To a certain extent he’s right. Costs management, in a world free from interference or reality, is a worthy and worthwhile pursuit which can bring undoubted benefits for clients. As Jackson himself noted, ‘when done properly costs management works well’. But therein lies the crucial caveat.

At times during a lecture given yesterday, Jackson resembled a politician showing off his ‘man of the people’ credentials. The lord justice had met a practitioner from Pontefract, a lawyer from Leeds, and a solicitor from Solihull, and most told him how swimmingly they thought costs management had been. 

What Jackson can’t control is that courts and their users are simply ill-equipped to deal with the extra work and time required to make costs management work in practice as well as it does in theory.

It was a sea change overseen by judges who in many cases didn’t know what they were doing and lawyers still getting to grips with the new rules and sent into a tailspin by the Mitchell and Denton judgments.
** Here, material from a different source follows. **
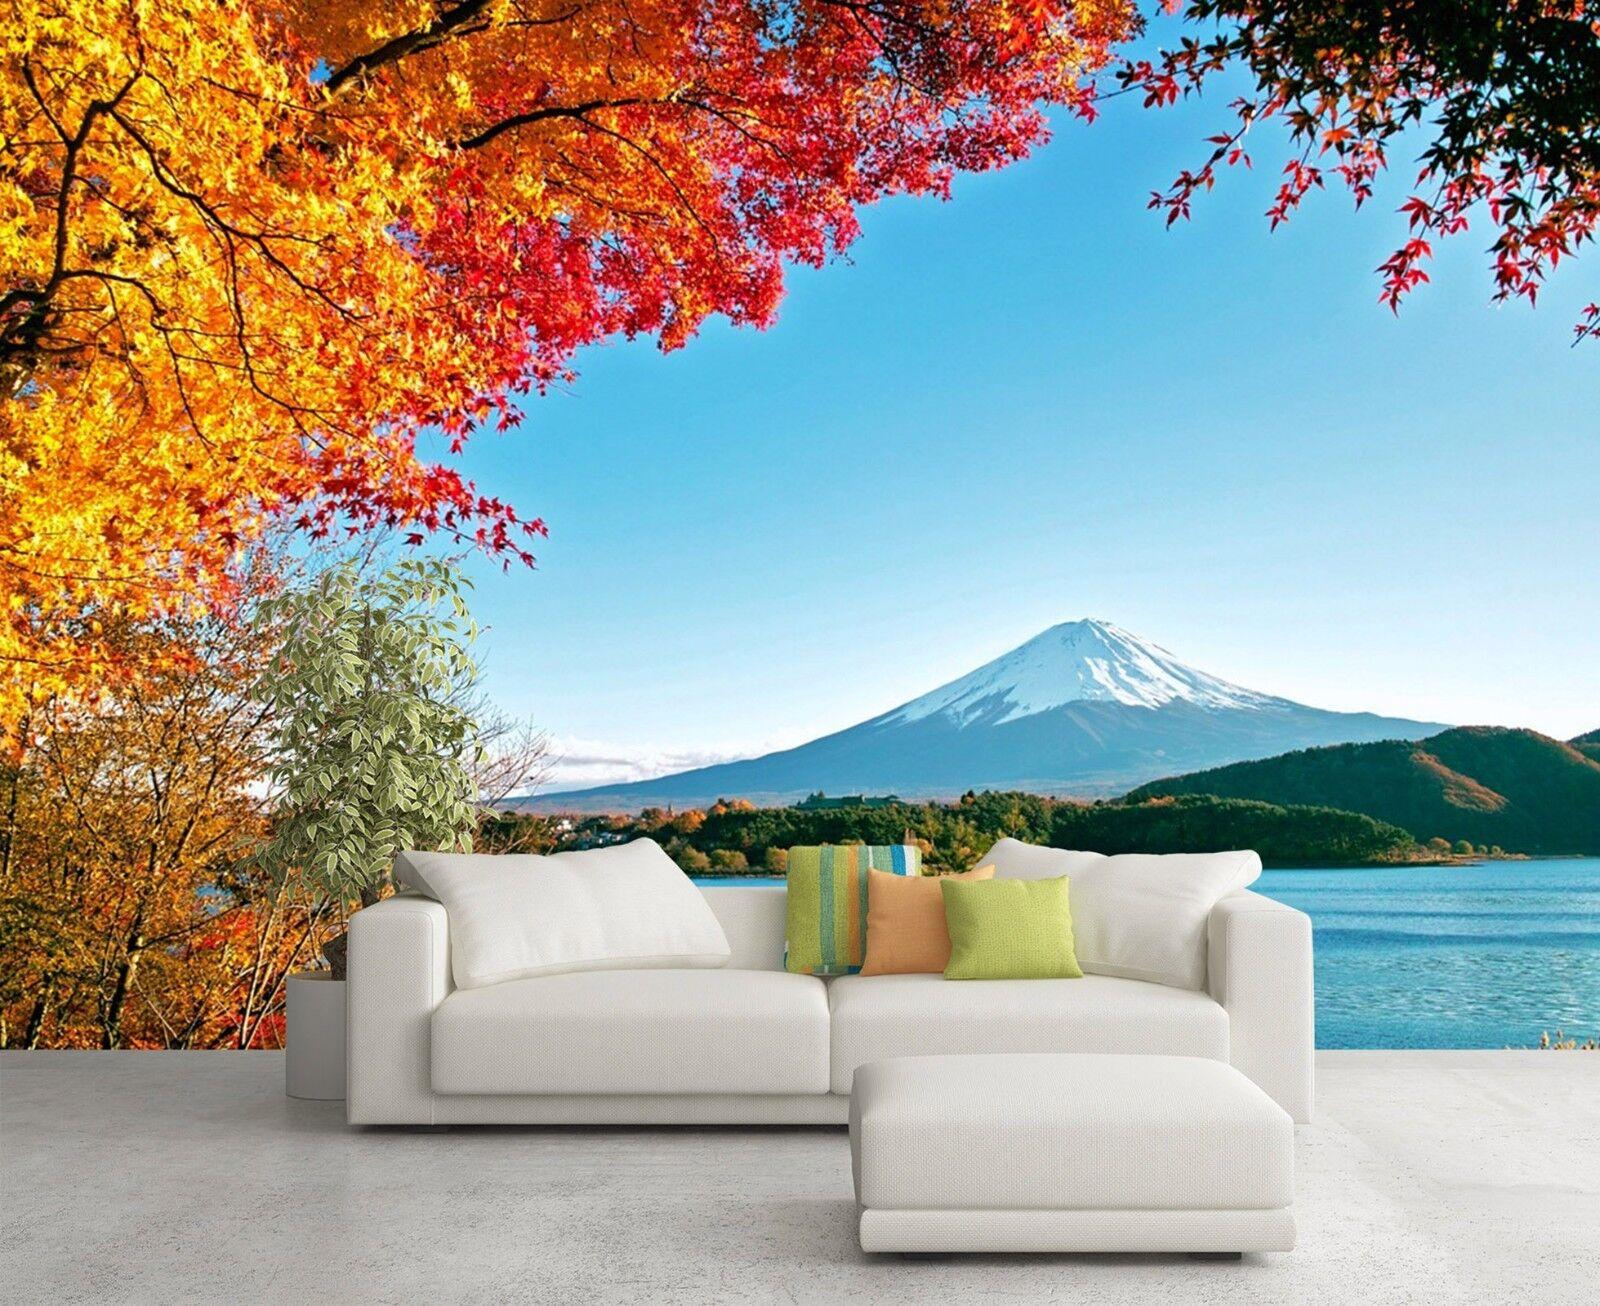 3D Herbst Landschaft 8732 8732 8732 Tapete Wandgemälde Tapeten Bild Familie DE Lemon | Preisreduktion  | Gewinnen Sie das Lob der Kunden  |  f77952

Jackson’s answer to delays was to fundamentally undermine his own reforms

Judicial training to get the bench up to speed has been risible – or ‘necessarily brief’ as Jackson called it. You simply can’t expect judges, many of whom will never have seen a costs budget in their lives, to manage this system efficiently. Even Jackson’s proposed solution - a compulsory full-day module on costs management - seems barely enough to scratch the surface.
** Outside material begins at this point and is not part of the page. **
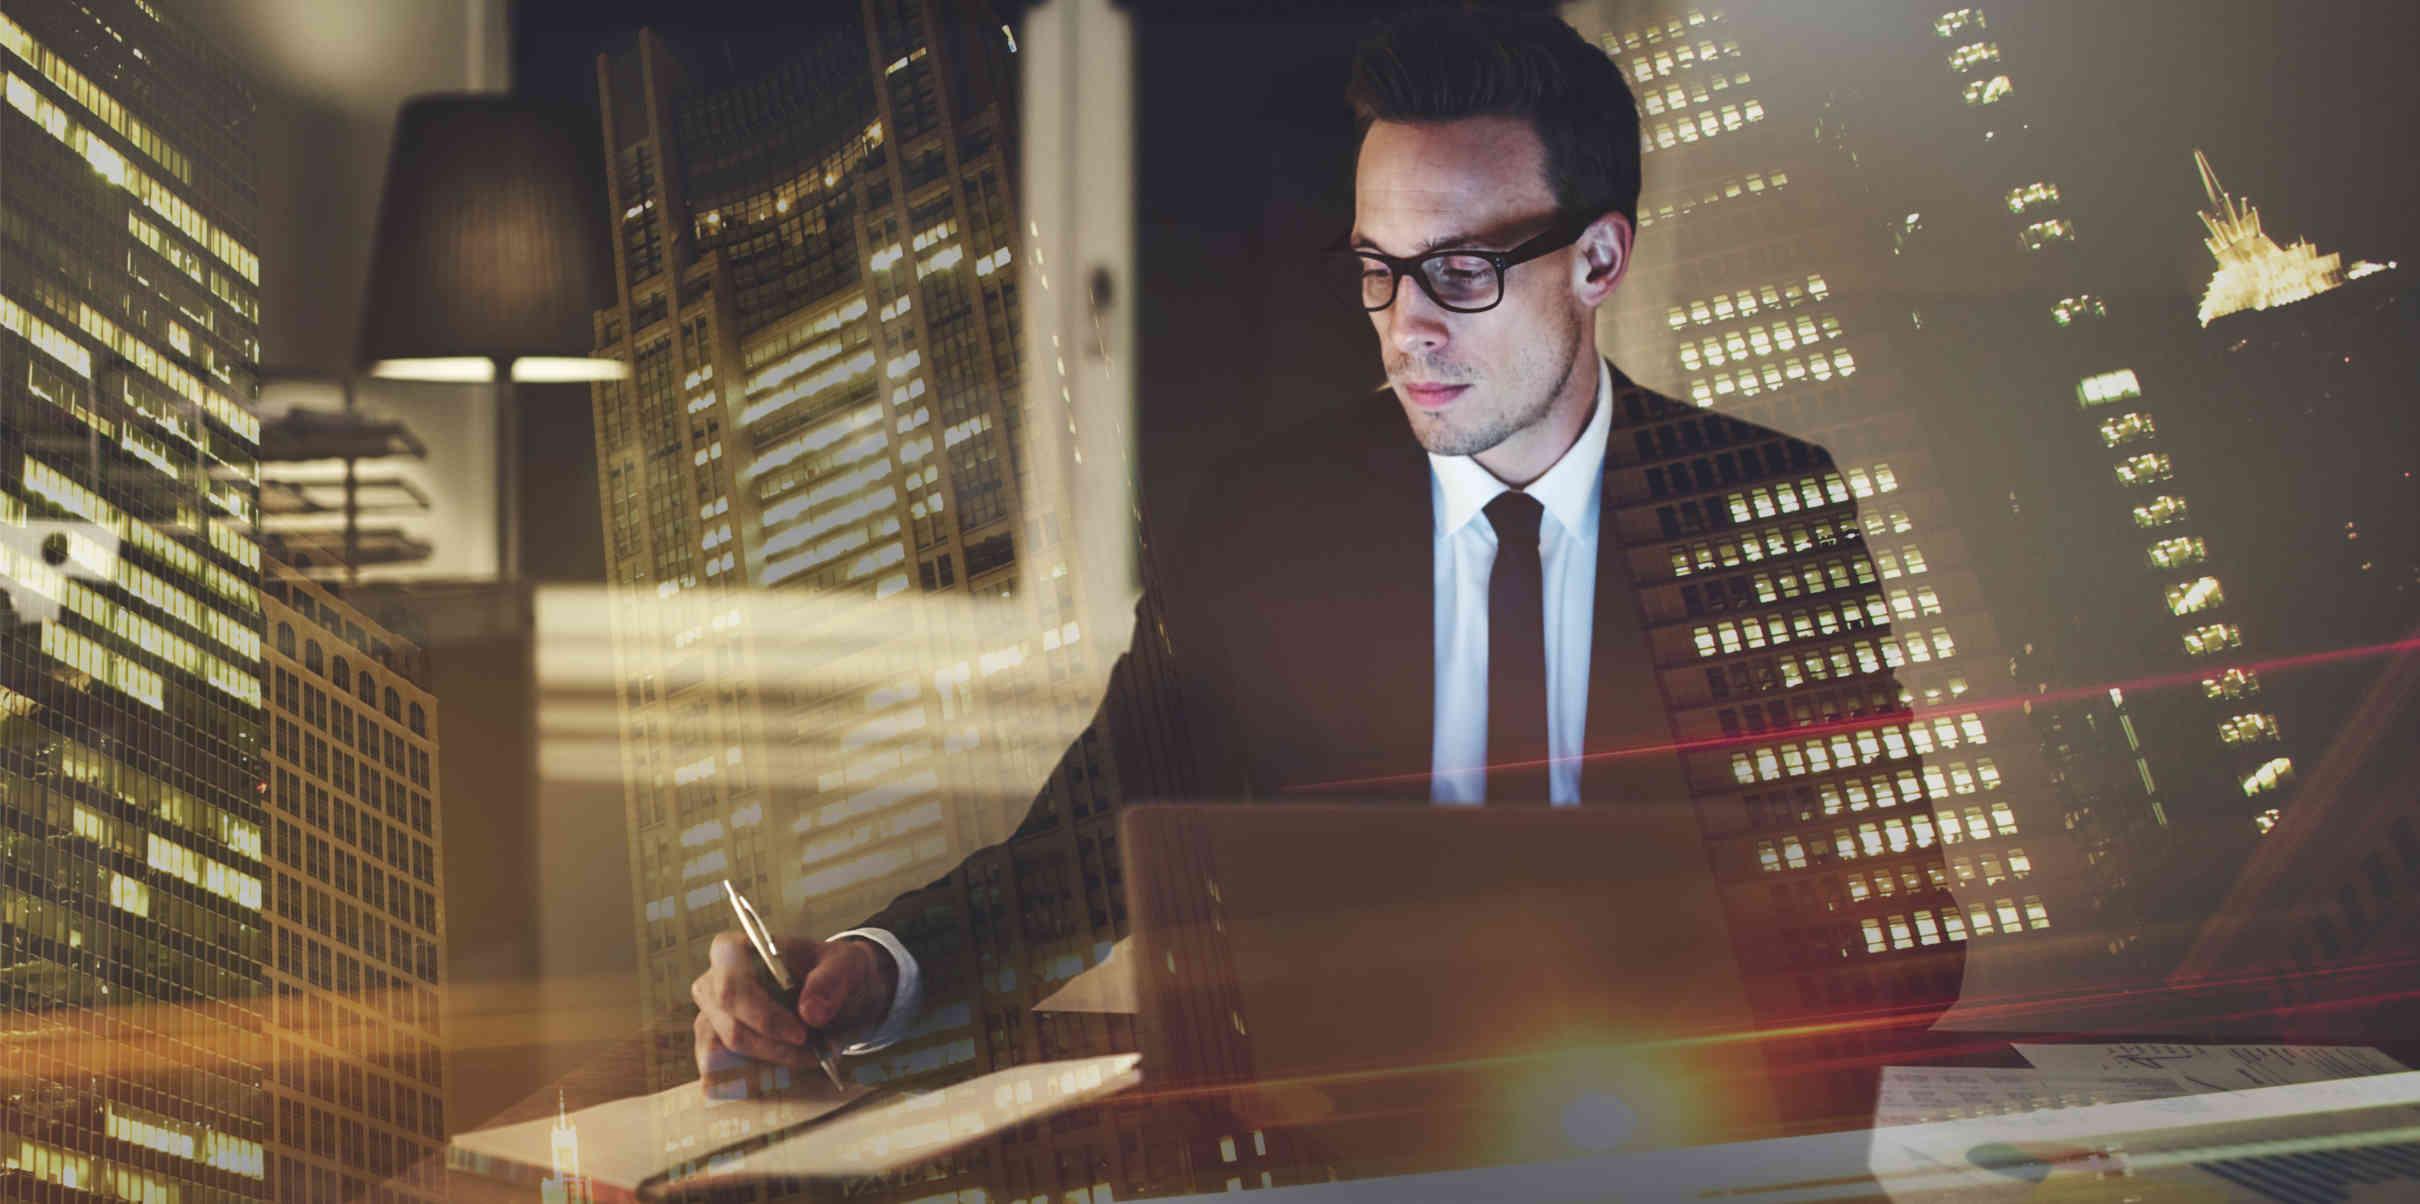 Smart Contracts homem escrevendo

Is it any wonder that we have delays of up to nine months for case management hearings? Could this not have been foreseen?

Curiously, given that so much of his lecture emphasised that costs management is here to stay, Jackson’s answer to delays was to fundamentally undermine his own reforms with an escape for those struggling.

Judicial discretion, allowing an opt out from costs management if the case is heading towards interminable delays, is surely the most flawed response you could imagine. To give judges, many of whom may be bewildered and/or fed up with the costs budgeting process, an escape route is to destabilise everything we have worked towards for the past two years.

Master of the rolls Lord Dyson, who followed Jackson on stage, commended his colleague but was quick to slap down this idea, suggesting too many judges will be quick to play the ‘lack of resource’ card and throw costs budgets into the long grass.

For the sake of clarity, exceptions surely cannot be granted. Jackson was right again when he said this is something the profession has to live with. To water down his reforms is surely to leave everyone involved more confused than ever.